Load spike trains from a generic HDF5 file using one of four supported input styles.

Exactly one input style must be specified. The four styles are: raster matrix, ragged arrays, group-per-unit, and paired arrays.

Parameters:

filepath (str) – Path to the HDF5 file.
raster_dataset (str | None) – Dataset path for a 2D raster/counts matrix (units x time). Activates raster style.
raster_bin_size_ms (float | None) – Bin width in milliseconds. Required for raster style.
spike_times_dataset (str | None) – Dataset path for flat concatenated spike times.
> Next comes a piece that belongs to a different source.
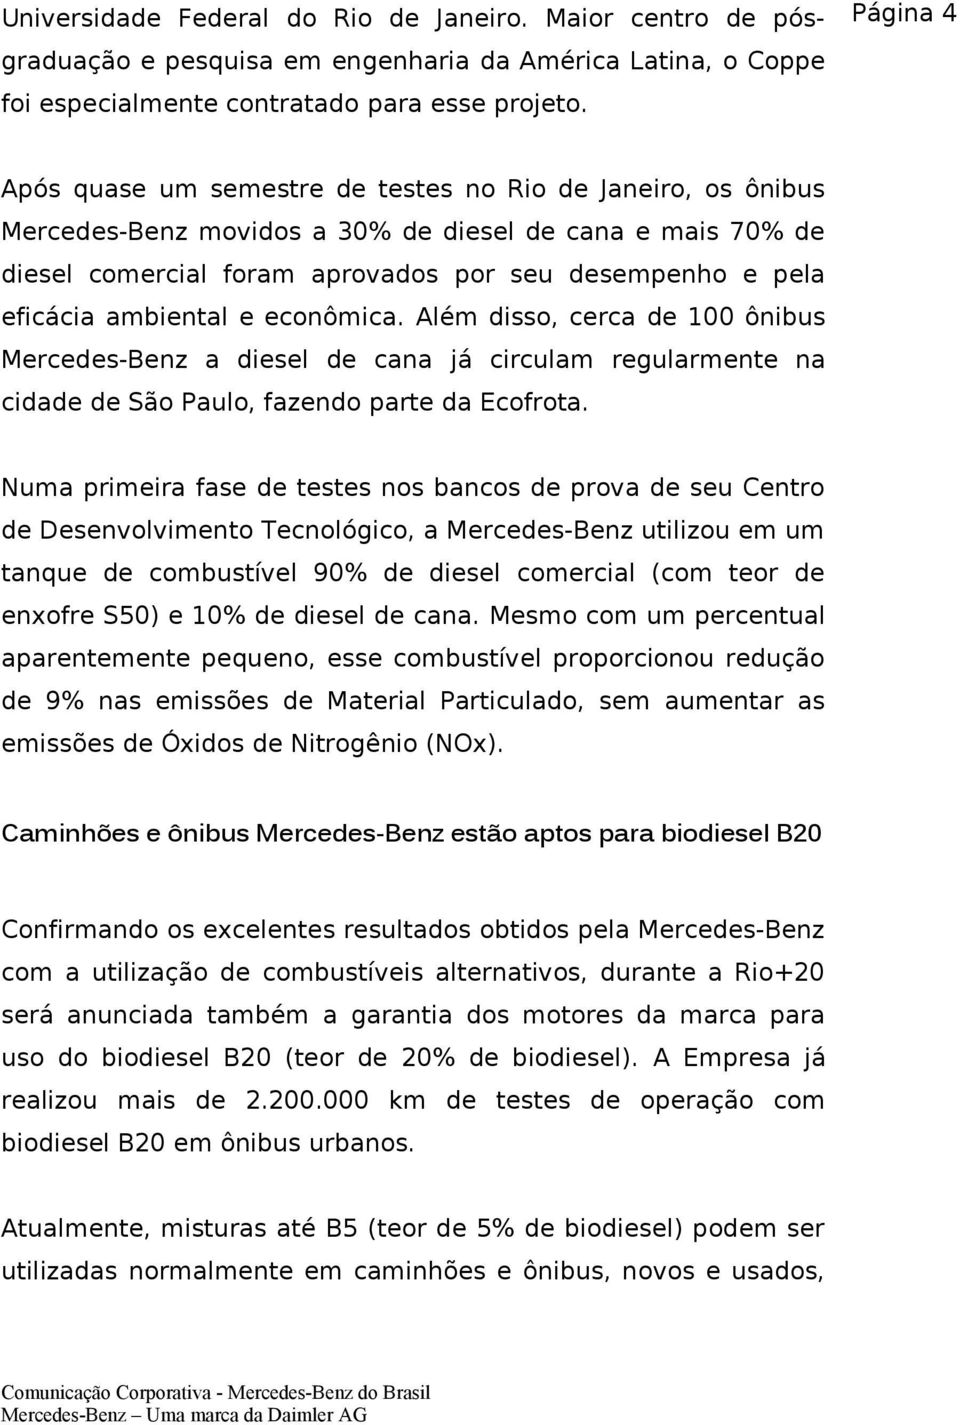 ambiental e econômica. Além disso, cerca de 100 ônibus Mercedes-Benz a diesel de cana já circulam regularmente na cidade de São Paulo, fazendo parte da Ecofrota.

Activates ragged style (requires spike_times_index_dataset).
spike_times_index_dataset (str | None) – Dataset path for cumulative end-of-unit indices into the flat spike times array.
spike_times_unit (str) – Time unit for ragged spike times (‘s’, ‘ms’, or ‘samples’).
fs_Hz (float | None) – Sampling frequency in Hz. Required when any time unit is ‘samples’.
group_per_unit (str | None) – HDF5 group path containing one dataset per unit. Activates group-per-unit style.
group_time_unit (str) – Time unit for group-per-unit datasets (‘s’, ‘ms’, or ‘samples’).
idces_dataset (str | None) – Dataset path for unit index array. Activates paired-arrays style (requires times_dataset).
times_dataset (str | None) – Dataset path for spike times array (paired with idces_dataset).
times_unit (str) – Time unit for paired spike times (‘s’, ‘ms’, or ‘samples’).
raw_dataset (str | None) – Dataset path for optional raw analog data.
raw_time_dataset (str | None) – Dataset path for the raw data time vector.
raw_time_unit (str) – Time unit for the raw time vector (‘s’, ‘ms’, or ‘samples’).
length_ms (float | None) – Recording duration in milliseconds. If not provided, inferred from the latest spike time.
metadata (Mapping | None) – Additional metadata to attach to the resulting SpikeData.

Returns:

The loaded spike train data.

Return type:

sd (SpikeData)

Raises:

ValueError – If not exactly one input style is specified, or if required arguments are missing.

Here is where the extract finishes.